O consumo de vinho no Brasil vem crescendo significativamente nos últimos anos. Para se ter noção, o setor fechou 2015 com crescimento de 6% nas vendas mesmo com o país passando por um forte momento de debilidade econômica. Contudo, hoje os mais consumidos são originários do países sulamericanos como Chile e Argentina, e dos europeus Itália e Portugal.
 
Para Michael Schütte, sócio diretor da Vind’Ame, importadora de vinhos com rótulos de terroirs especiais, essas são as regiões produtoras mais conhecidas e por isso as mais consumidas. Porém, a Alemanha produz vinhos secos de altíssima qualidade que são pouco conhecidos, mas que já podem ser encontrados no mercado brasileiro.
 
Os Rieslings alemães possuem reputação internacional de serem, juntamente com os Chardonnays da Borgonha, os melhores vinhos brancos do mundo.
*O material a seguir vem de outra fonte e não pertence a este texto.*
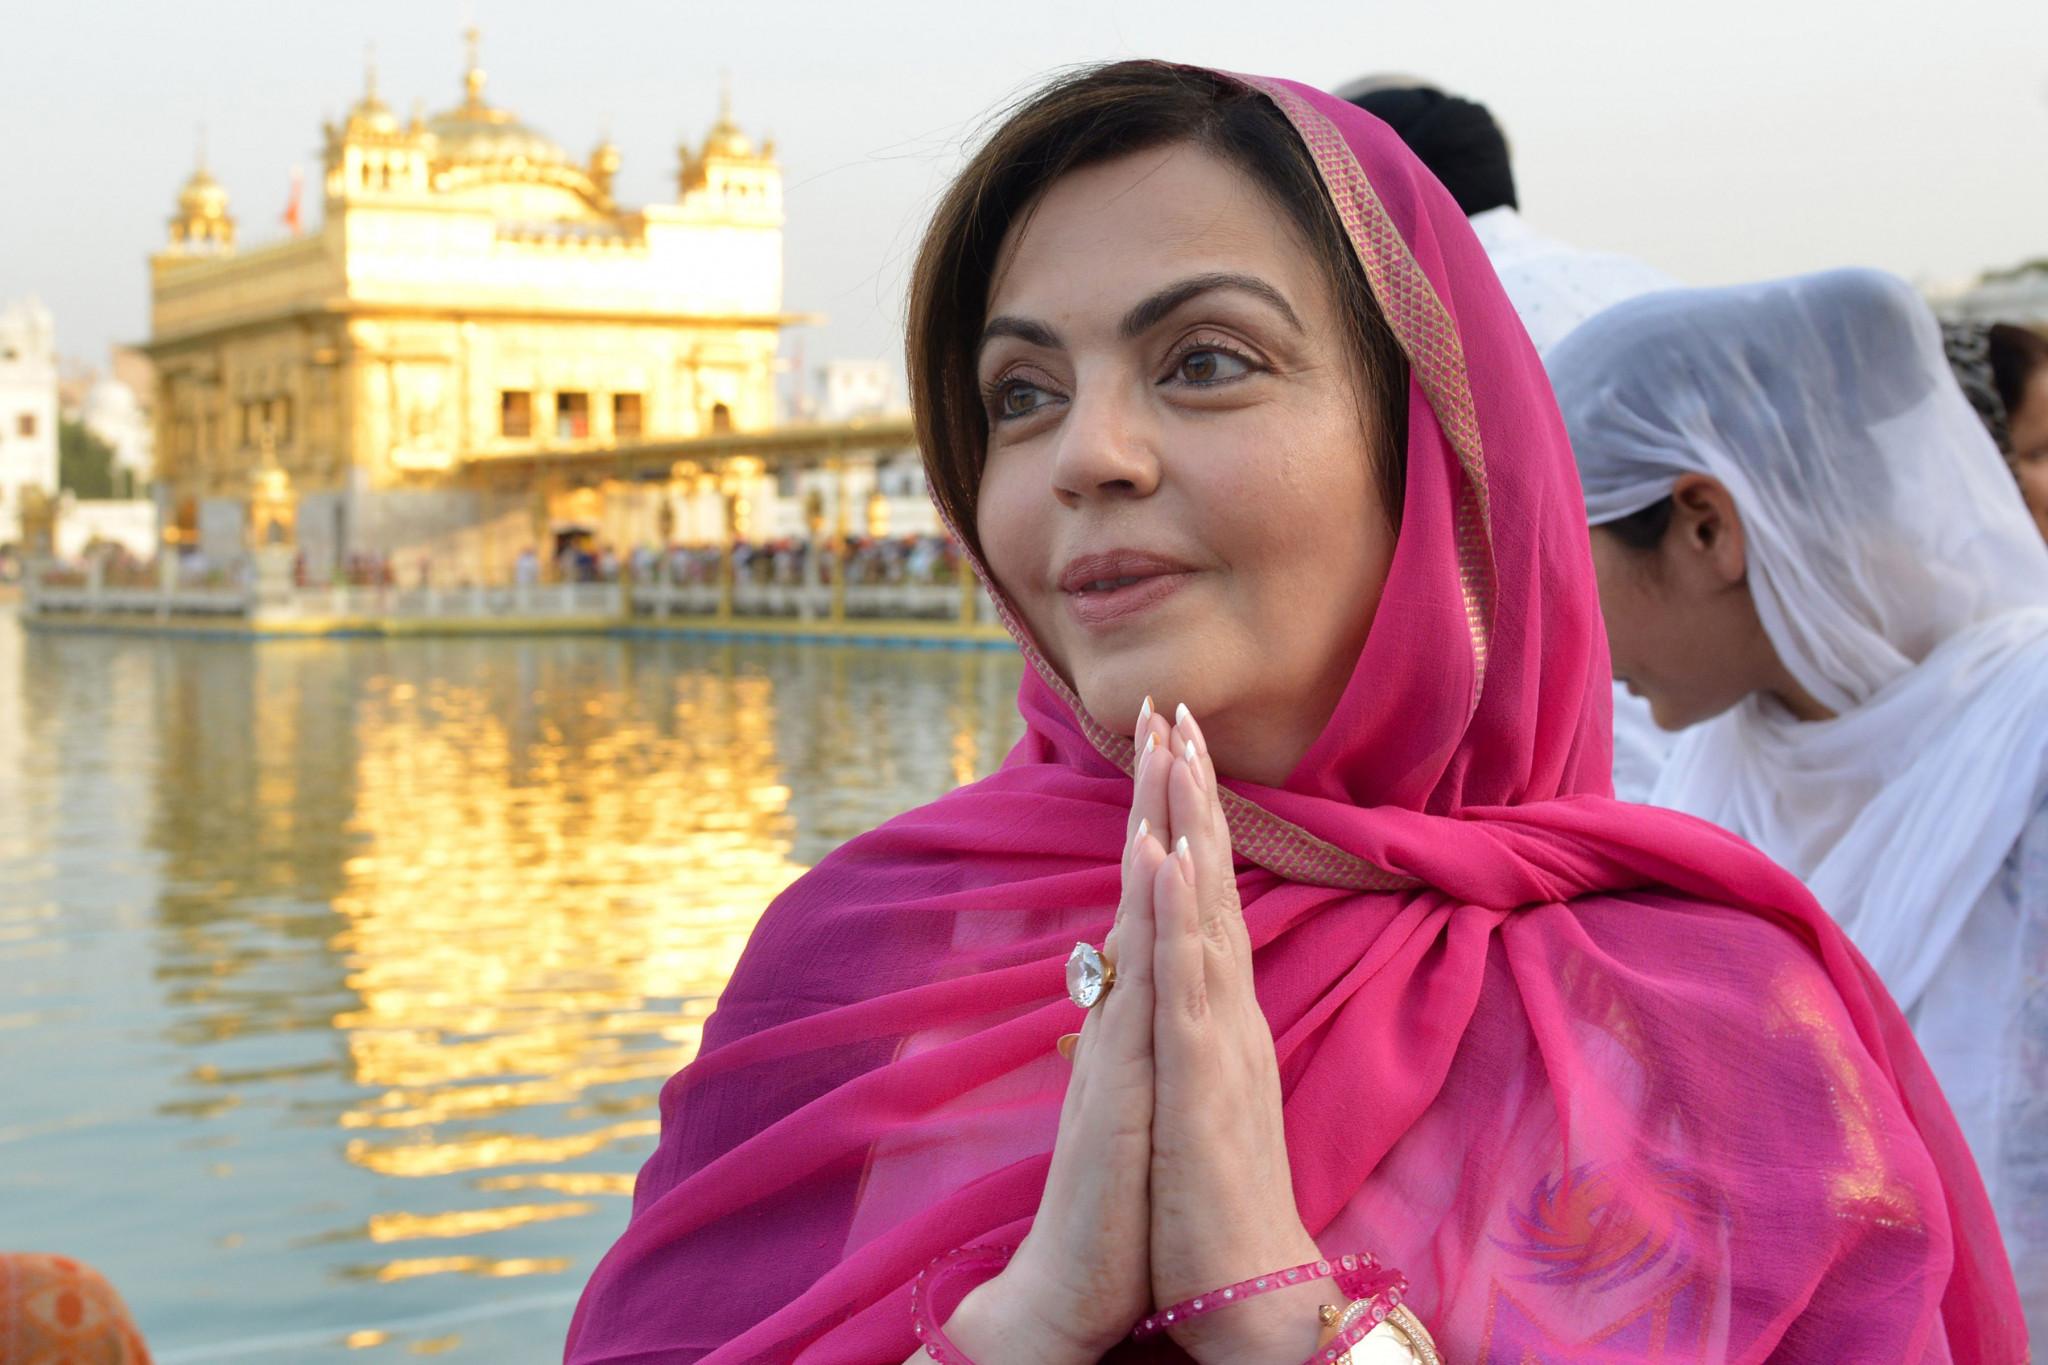 Nita Ambani is hopeful India will bid for the Olympics before she leaves the IOC ©Getty Images

Entretanto, o vinho branco alemão ainda sofre o estigma trazido pelas antigas garrafas azuis que continham um vinho adocicado artificialmente, quase sem sabor ou aromas, de qualidade ruim e de produção industrial, que eram distribuídas aos milhões pelo Brasil há até 15 anos atrás.
 
Além disso, muitos enófilos enfrentam dificuldades para entender a classificação legal dos vinhos alemães, bastante complexa e de termos quase impronunciáveis. Uma dica é escolher somente produtores da associação VdP (Verband deutscher Prädikatsweingüter), a qual congrega apenas as cerca de 200 melhores vinícolas alemãs, de um universo de 80 mil viticultores. Ela garante a altíssima qualidade dos vinhos de seus associados, colocando seu símbolo nos rótulos e nas cápsulas: uma águia estilizada com um cacho de uvas em seu interior.
 
Para os que não gostam de vinhos suaves, a expressão “trocken” garante que o vinho seja seco.


As nomenclaturas:
 
A VdP classifica seus vinhos de acordo com a qualidade do terroir dos vinhedos, dividindo-os em categorias semelhantes às utilizadas na Borgonha. “Gutswein” é a classificação inicial, que garante a produção a partir de uvas de vinhedos próprios, em mais de uma parcela, dentro de determinada região de produção, com uma concentração mínima elevada de mosto.
 
“Ortswein” é a categoria seguinte, originária de uma única e determinada parcela de território (single vineyard), cujo nome é normalmente mencionado no rótulo. A próxima categoria, “Erste Lage”, é o equivalente ao “Premier Cru” da Borgonha. Trata-se de um vinho originário de uma específica parcela de território, de excelente qualidade. A categoria mais elevada é a “Grosse Lage” (ou também “Grossem Gewächs”), muitas vezes indicada ainda pela sigla “GG”. Estes são os “Grand Crus” alemães, frutos dos mais excepcionais terroirs.


Outro termo utilizado pelos viticultores em seus vinhos é o “Kabinett”, análogo ao termo “Reserva”. É utilizado em vinhos cujas uvas são especialmente selecionadas, ou que se distinguem pela qualidade do processo de vinificação.